Everything in the listing below from the line containing "medium2.stl Download free" through the line containing "bk1 6 5 weblogo badkamer pinterest badkamer" must be repeated exactly; the remaining lines are not wanted.

========================================================================

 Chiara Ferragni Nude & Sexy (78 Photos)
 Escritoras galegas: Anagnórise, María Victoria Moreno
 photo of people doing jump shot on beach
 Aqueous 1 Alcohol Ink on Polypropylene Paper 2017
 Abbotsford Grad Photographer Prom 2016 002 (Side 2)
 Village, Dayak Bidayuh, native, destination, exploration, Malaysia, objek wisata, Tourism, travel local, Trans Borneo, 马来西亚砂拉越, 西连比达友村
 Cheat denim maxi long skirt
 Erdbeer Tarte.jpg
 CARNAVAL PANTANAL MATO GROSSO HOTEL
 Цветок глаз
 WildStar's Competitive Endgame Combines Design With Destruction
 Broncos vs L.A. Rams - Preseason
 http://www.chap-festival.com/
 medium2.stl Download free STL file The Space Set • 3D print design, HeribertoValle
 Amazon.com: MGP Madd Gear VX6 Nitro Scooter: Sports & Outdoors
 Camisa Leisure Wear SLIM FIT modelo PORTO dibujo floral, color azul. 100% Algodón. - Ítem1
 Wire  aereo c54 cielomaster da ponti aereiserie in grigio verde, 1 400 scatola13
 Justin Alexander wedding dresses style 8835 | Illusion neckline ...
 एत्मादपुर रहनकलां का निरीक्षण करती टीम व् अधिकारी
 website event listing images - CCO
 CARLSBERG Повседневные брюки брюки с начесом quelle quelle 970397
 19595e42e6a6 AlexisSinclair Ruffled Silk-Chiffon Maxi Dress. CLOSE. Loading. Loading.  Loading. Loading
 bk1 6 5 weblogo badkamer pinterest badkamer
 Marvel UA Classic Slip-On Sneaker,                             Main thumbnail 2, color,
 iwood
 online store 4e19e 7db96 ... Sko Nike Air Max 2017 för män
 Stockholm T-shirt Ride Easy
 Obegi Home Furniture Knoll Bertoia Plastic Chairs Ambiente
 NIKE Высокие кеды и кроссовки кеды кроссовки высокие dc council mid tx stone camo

========================================================================

__OUTPUT FOR THIS EXERCISE__.
 medium2.stl Download free STL file The Space Set • 3D print design, HeribertoValle
 Amazon.com: MGP Madd Gear VX6 Nitro Scooter: Sports & Outdoors
 Camisa Leisure Wear SLIM FIT modelo PORTO dibujo floral, color azul. 100% Algodón. - Ítem1
 Wire  aereo c54 cielomaster da ponti aereiserie in grigio verde, 1 400 scatola13
 Justin Alexander wedding dresses style 8835 | Illusion neckline ...
 एत्मादपुर रहनकलां का निरीक्षण करती टीम व् अधिकारी
 website event listing images - CCO
 CARLSBERG Повседневные брюки брюки с начесом quelle quelle 970397
 19595e42e6a6 AlexisSinclair Ruffled Silk-Chiffon Maxi Dress. CLOSE. Loading. Loading.  Loading. Loading
 bk1 6 5 weblogo badkamer pinterest badkamer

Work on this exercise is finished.